В индивидуальном обывательском умонастроении утрированно преломились исторические вехи, связанные с наступлением брежневских "заморозков", знаменовавших сворачивание "оттепельного" вектора на десталинизацию общественного сознания. Через единичный эпизод, в психологически достоверных деталях поведения и речи рассказчика ("Я матком в душе, а сам с улыбочкой"), в сплетении окостеневших канцеляризмов с живым разговорным языком явлена поврежденность массового сознания, зацикленного на лживой, неустойчивой идеологии ("И гвоздит мне мозг многократное: // То ли гений он, а то ли нет еще?!") и по мере внутреннего, еще неявного саморазрушения Системы болезненно переживающего идеологические бреши: "Указание б чье-то ценное – // Да ведь нет его, указания!". Мишенью авторской сатиры становятся тупики политизированного мышления, а предметом художественного исследования выступает многосложное, таящее в себе глубинную конфликтность воздействие господствующей идеологии на реалии повседневного существования персонажей: "Они спорят там, они ссорятся! // Ну а я – решай, а мне – бессонница!".

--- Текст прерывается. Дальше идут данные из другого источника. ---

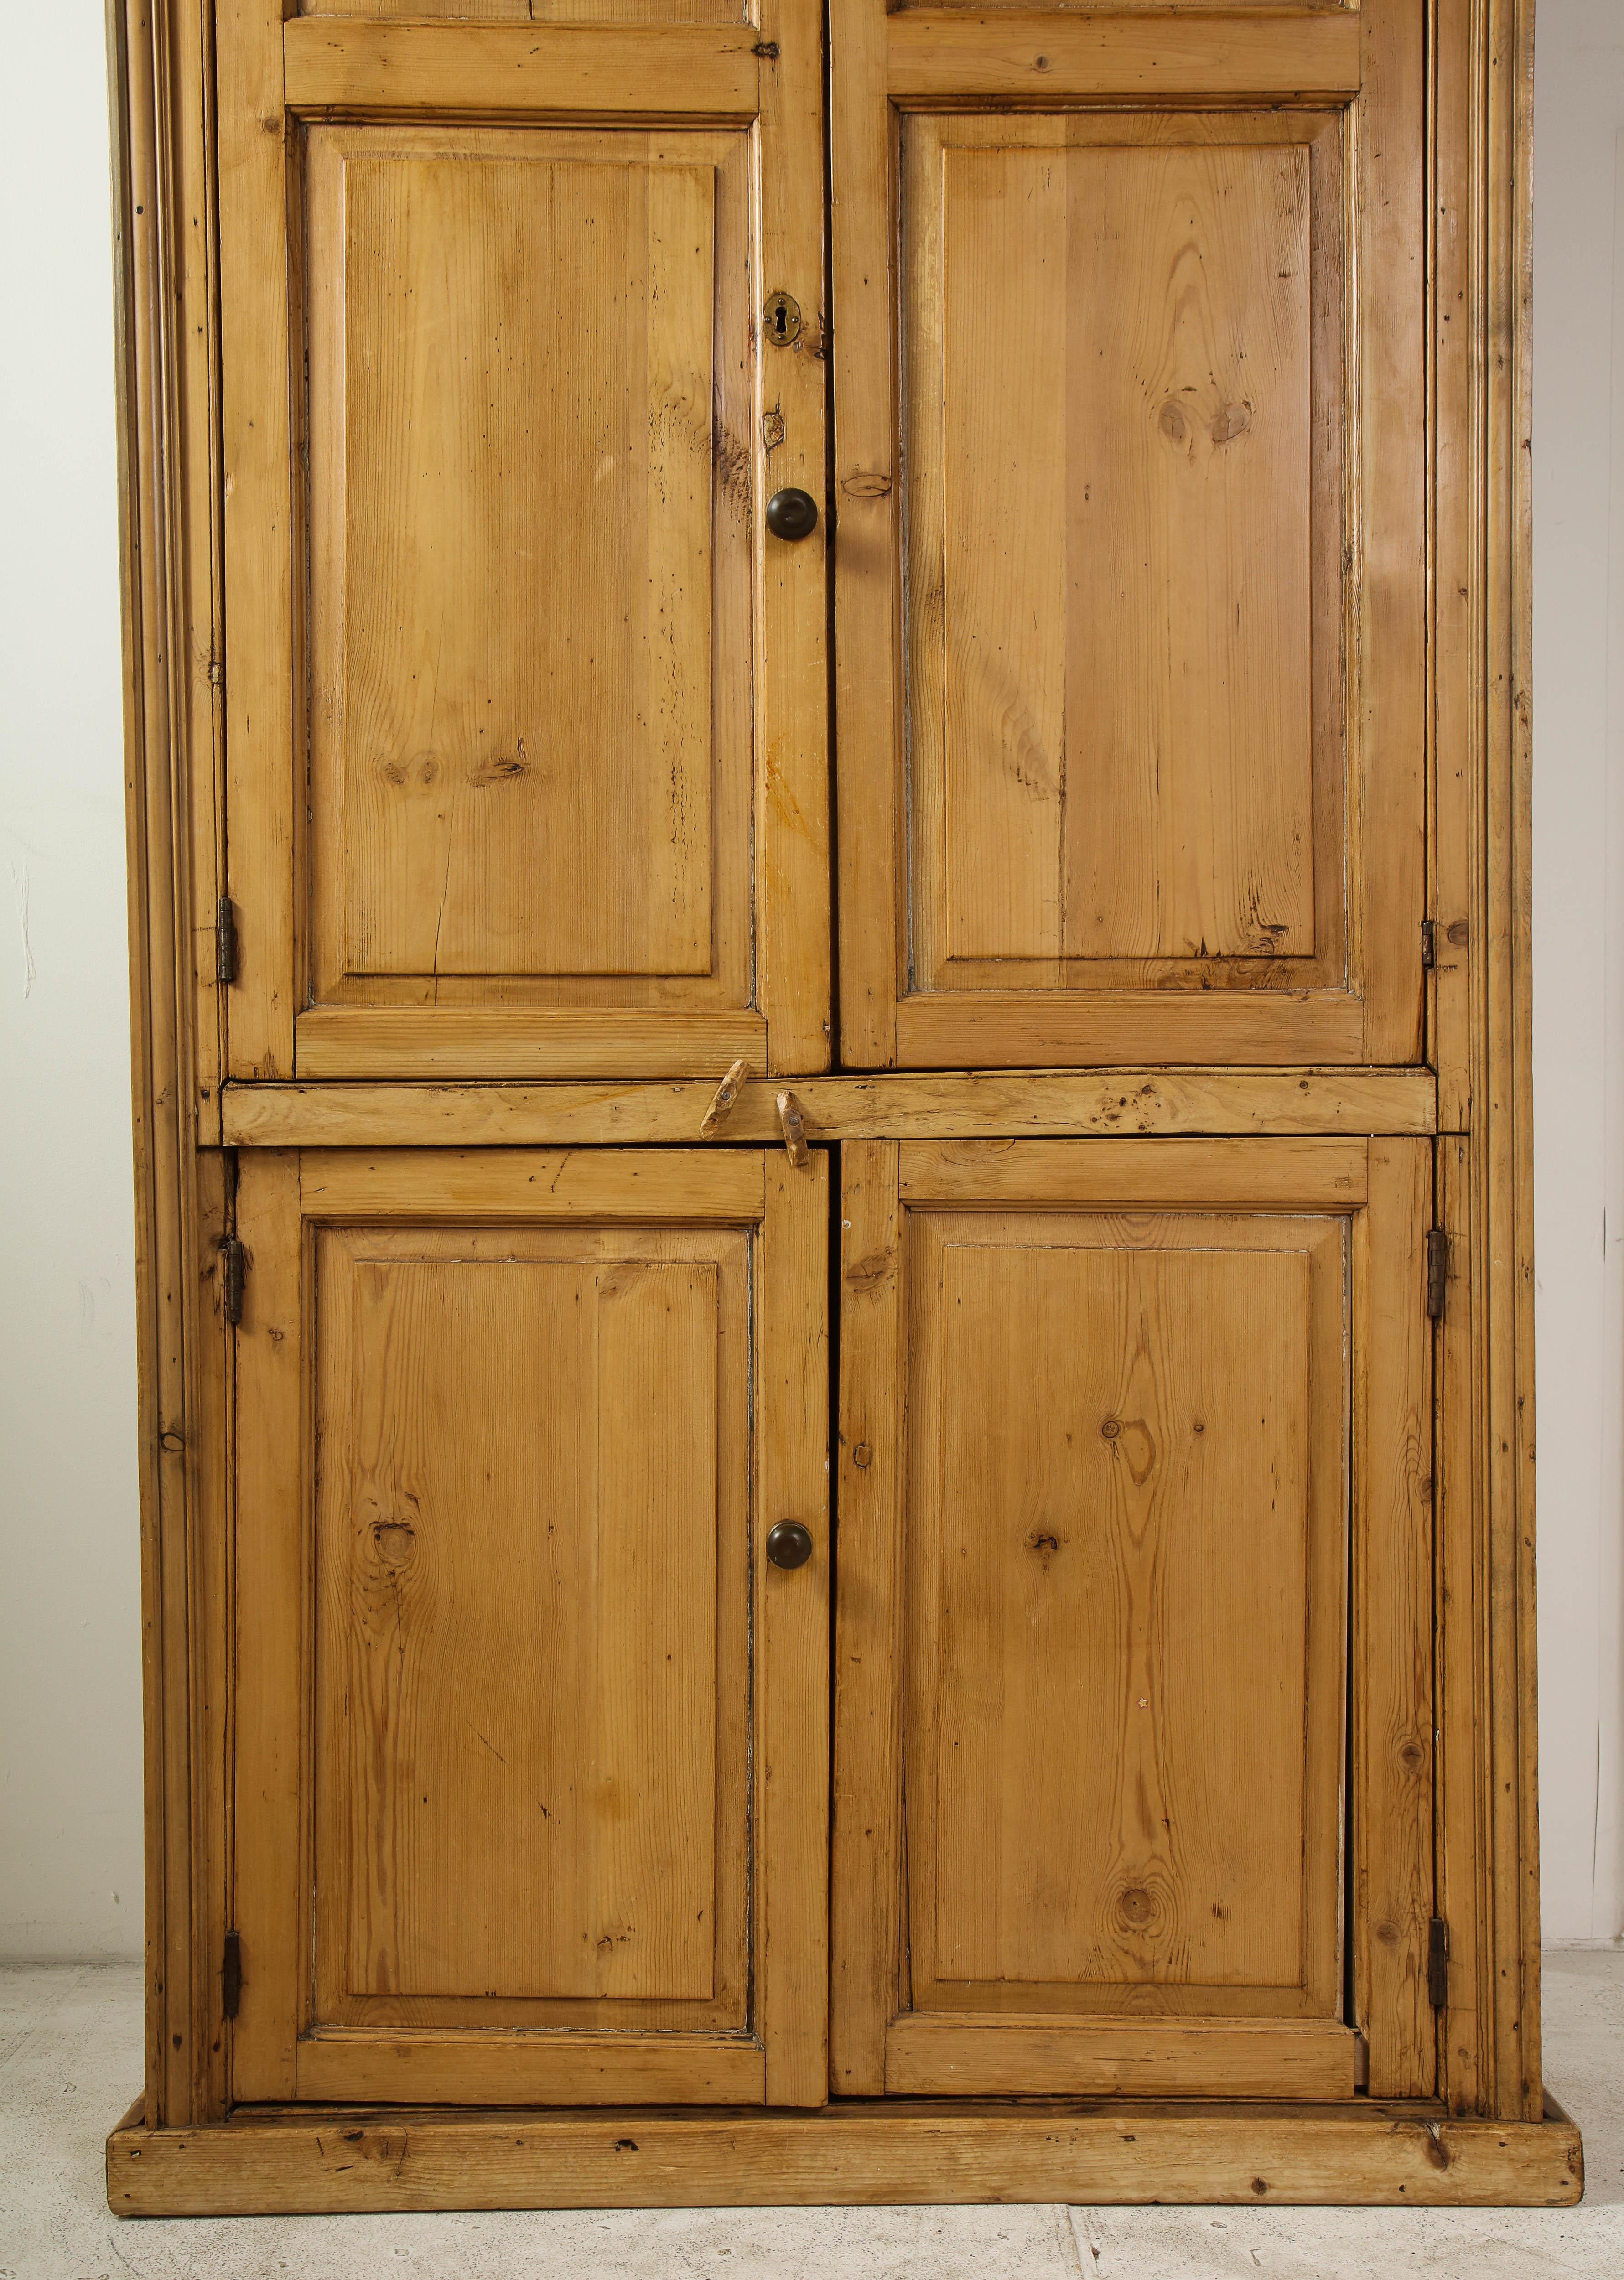 19th century English country pine bookcase with original hardware. One shelf in upper portion. Doors close easily.

Художественное осмысление внутреннего мира советского обывателя и свойств определяющей его психологию социальной действительности часто имеет в песенной поэзии Галича новеллистичную основу, предполагающую "сценичное" изображение коллизий повседневности, ее конфликтных узлов, раскрываемых поэтом в синтезе реалистически-конкретных и условно-фантастических форм.
В этой связи выделяются три уровня существования обывателя в галичевских песнях: семейно-бытовой, общественный, уровень истории.
Семейно-бытовая сфера обывательской жизни выведена в таких произведениях, как "Красный треугольник…" (1964), "История, проливающая свет…" (1969), "Жуткая история, которую я услышал в привокзальном шалмане" (1969) и др.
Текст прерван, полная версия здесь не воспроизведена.